▸ Exercise details: Leaving the images aside, transcribe all the data below exactly.

▸ Recorded data:
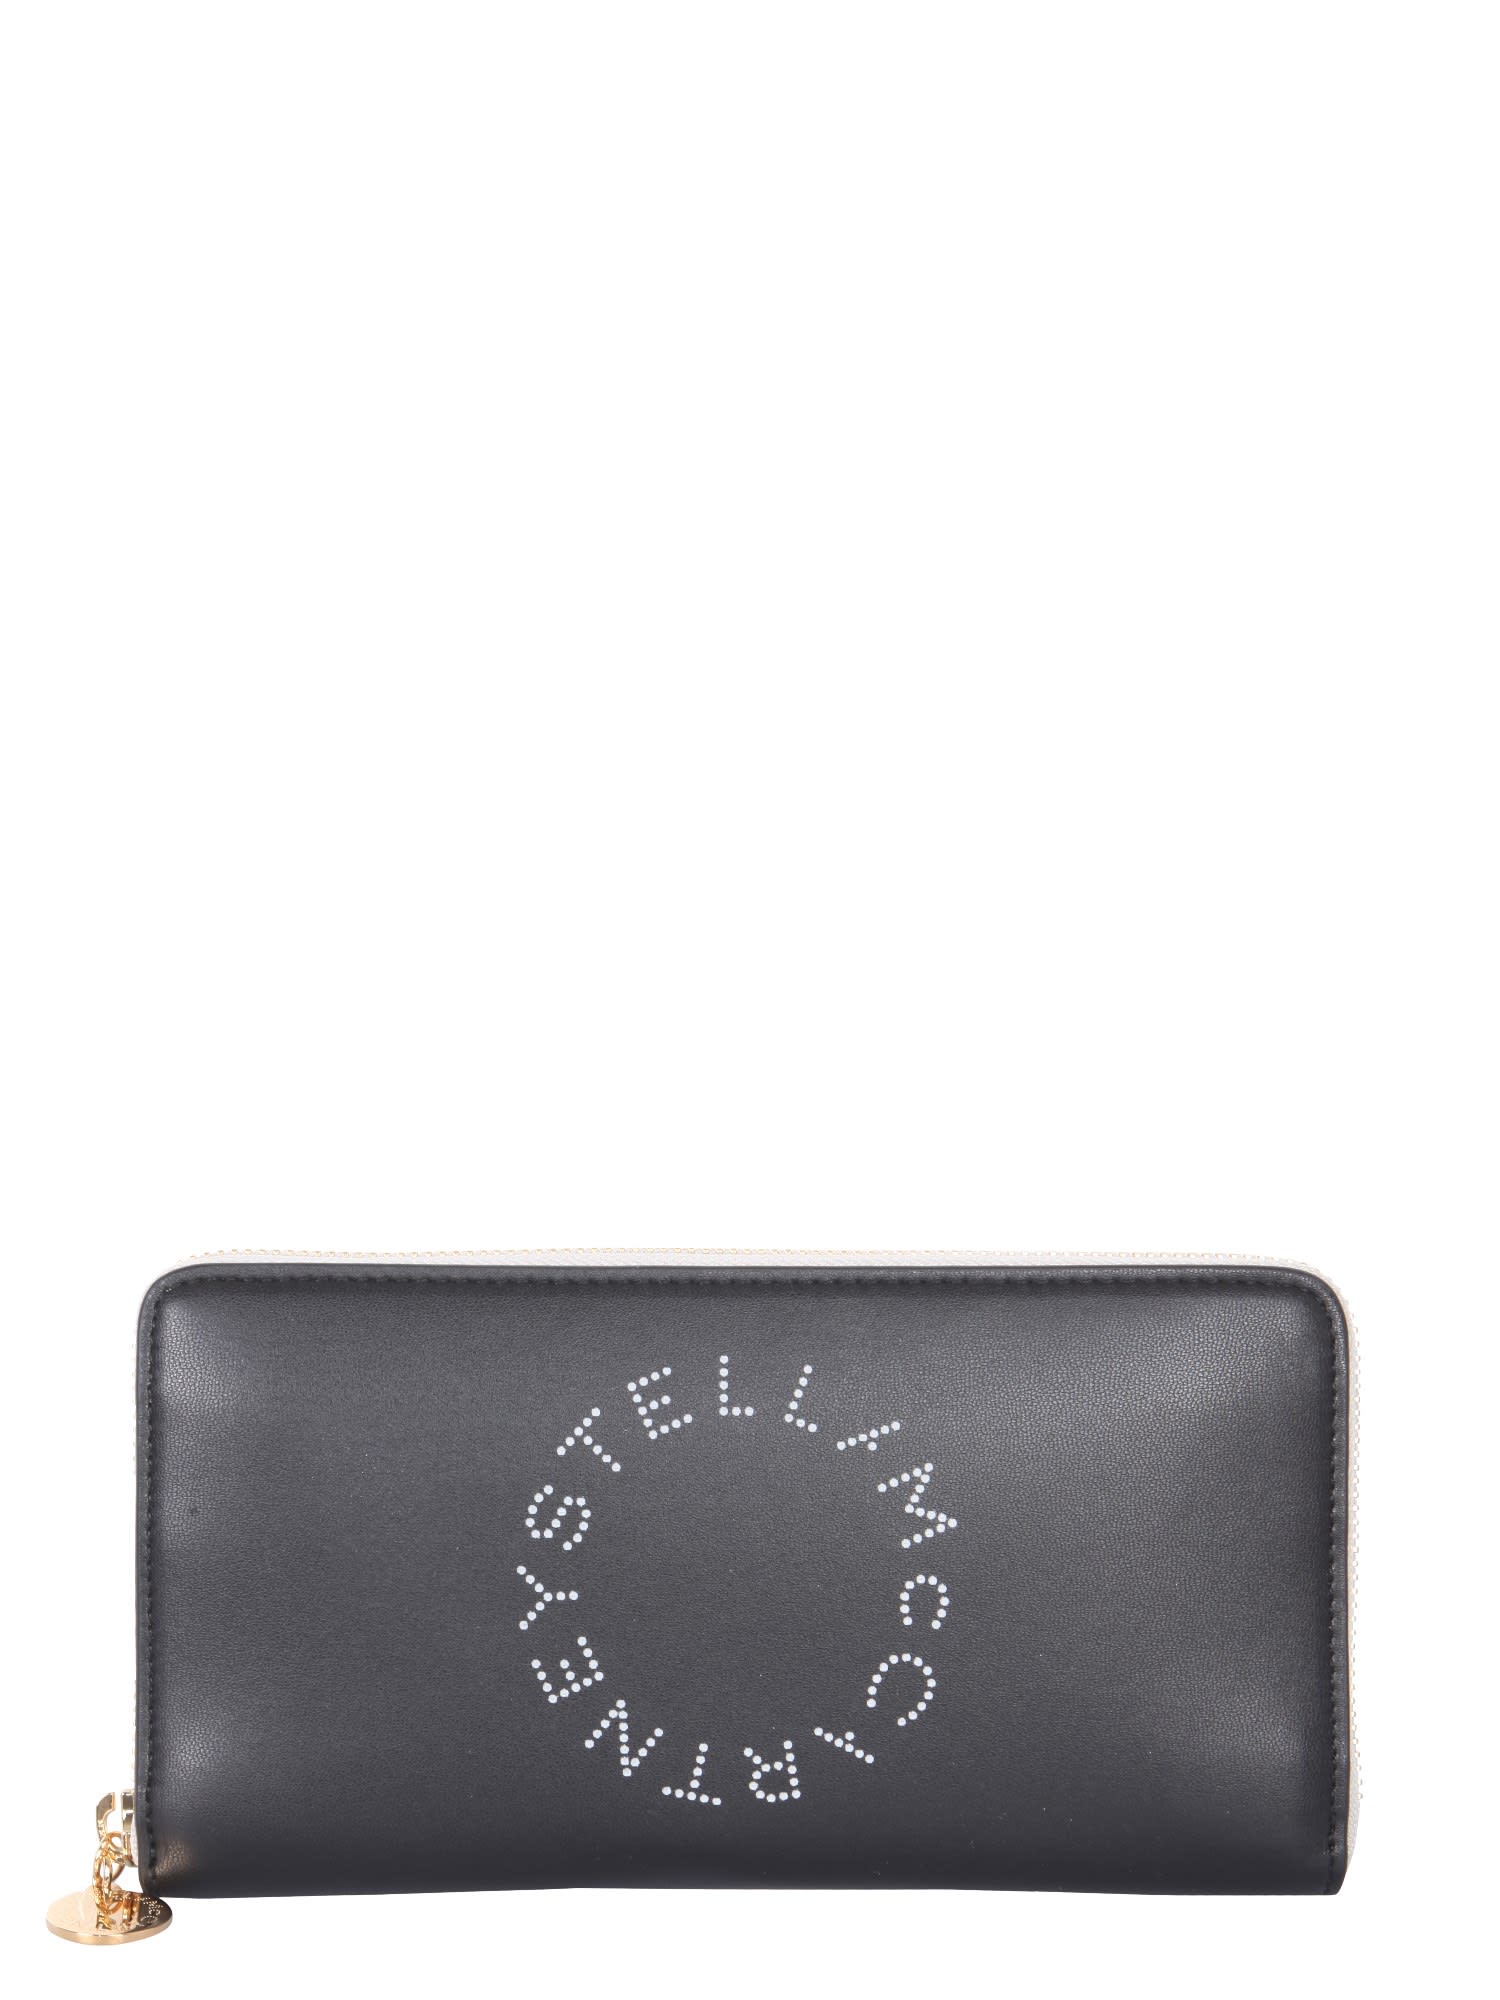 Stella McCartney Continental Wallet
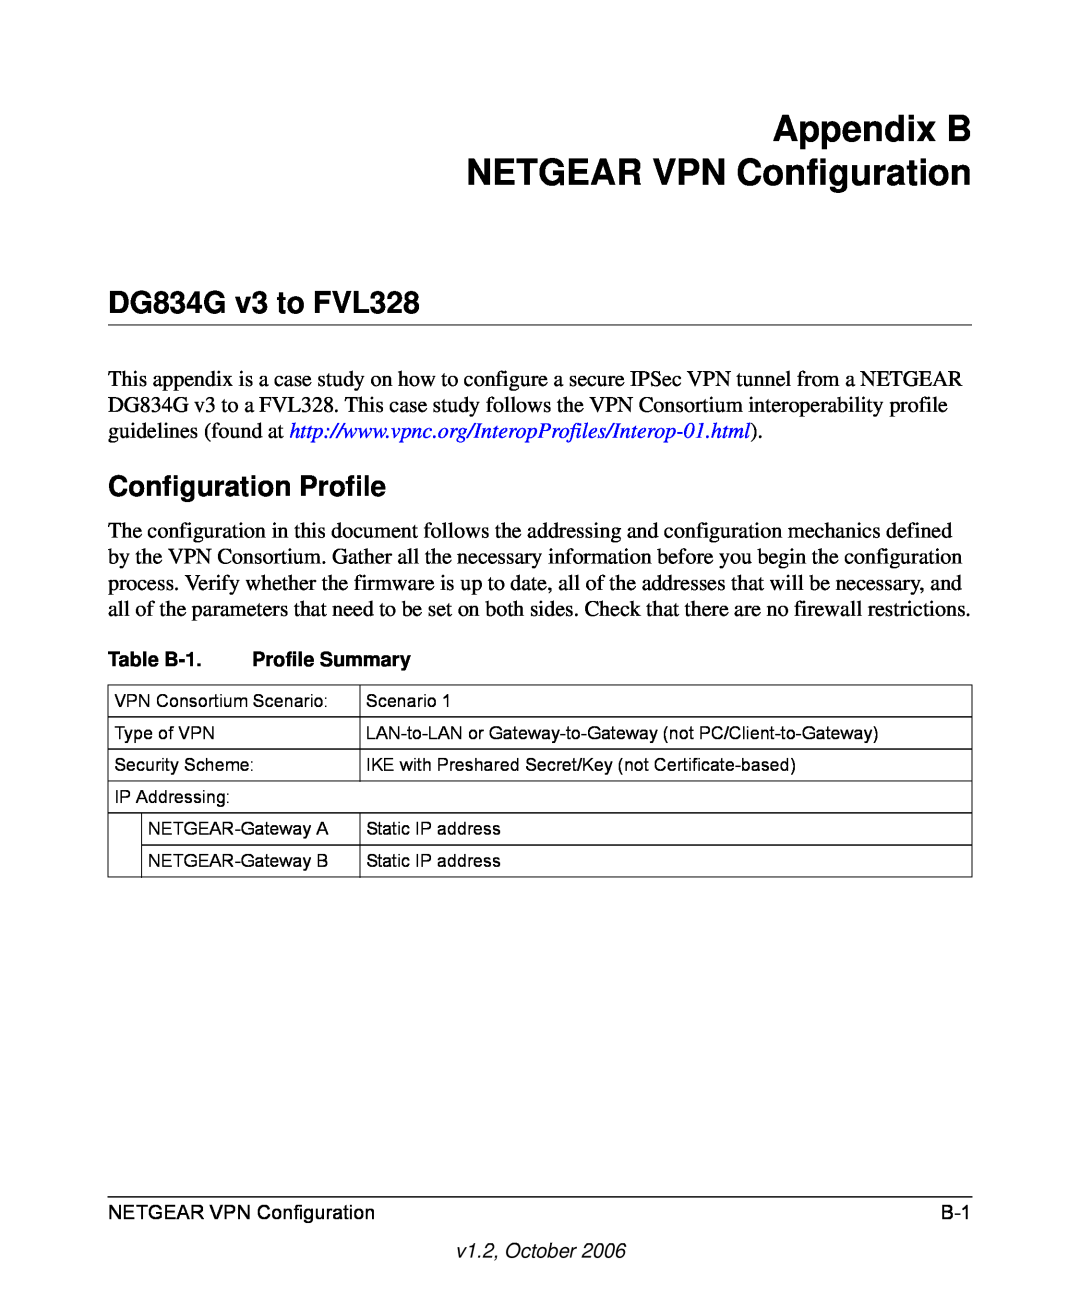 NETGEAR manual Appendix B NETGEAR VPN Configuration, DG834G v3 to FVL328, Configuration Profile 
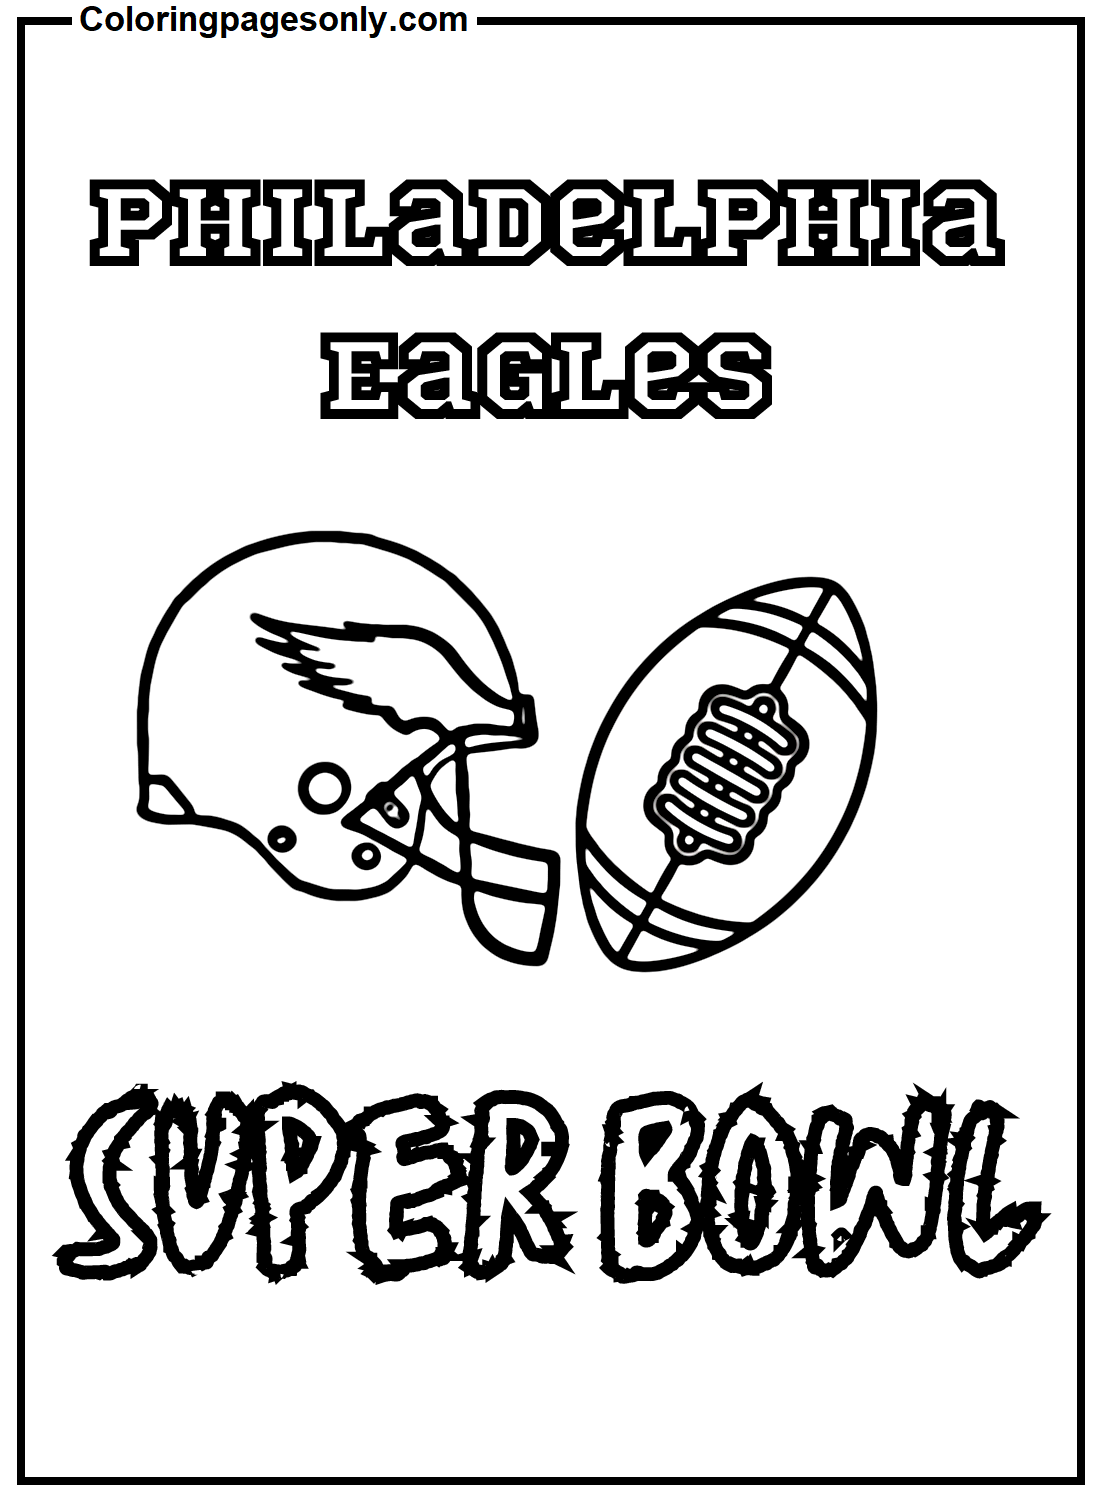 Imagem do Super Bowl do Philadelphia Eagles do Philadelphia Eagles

▸ Solved exercise:
 Stella McCartney Continental Wallet
 NETGEAR manual Appendix B NETGEAR VPN Configuration, DG834G v3 to FVL328, Configuration Profile 
 Imagem do Super Bowl do Philadelphia Eagles do Philadelphia Eagles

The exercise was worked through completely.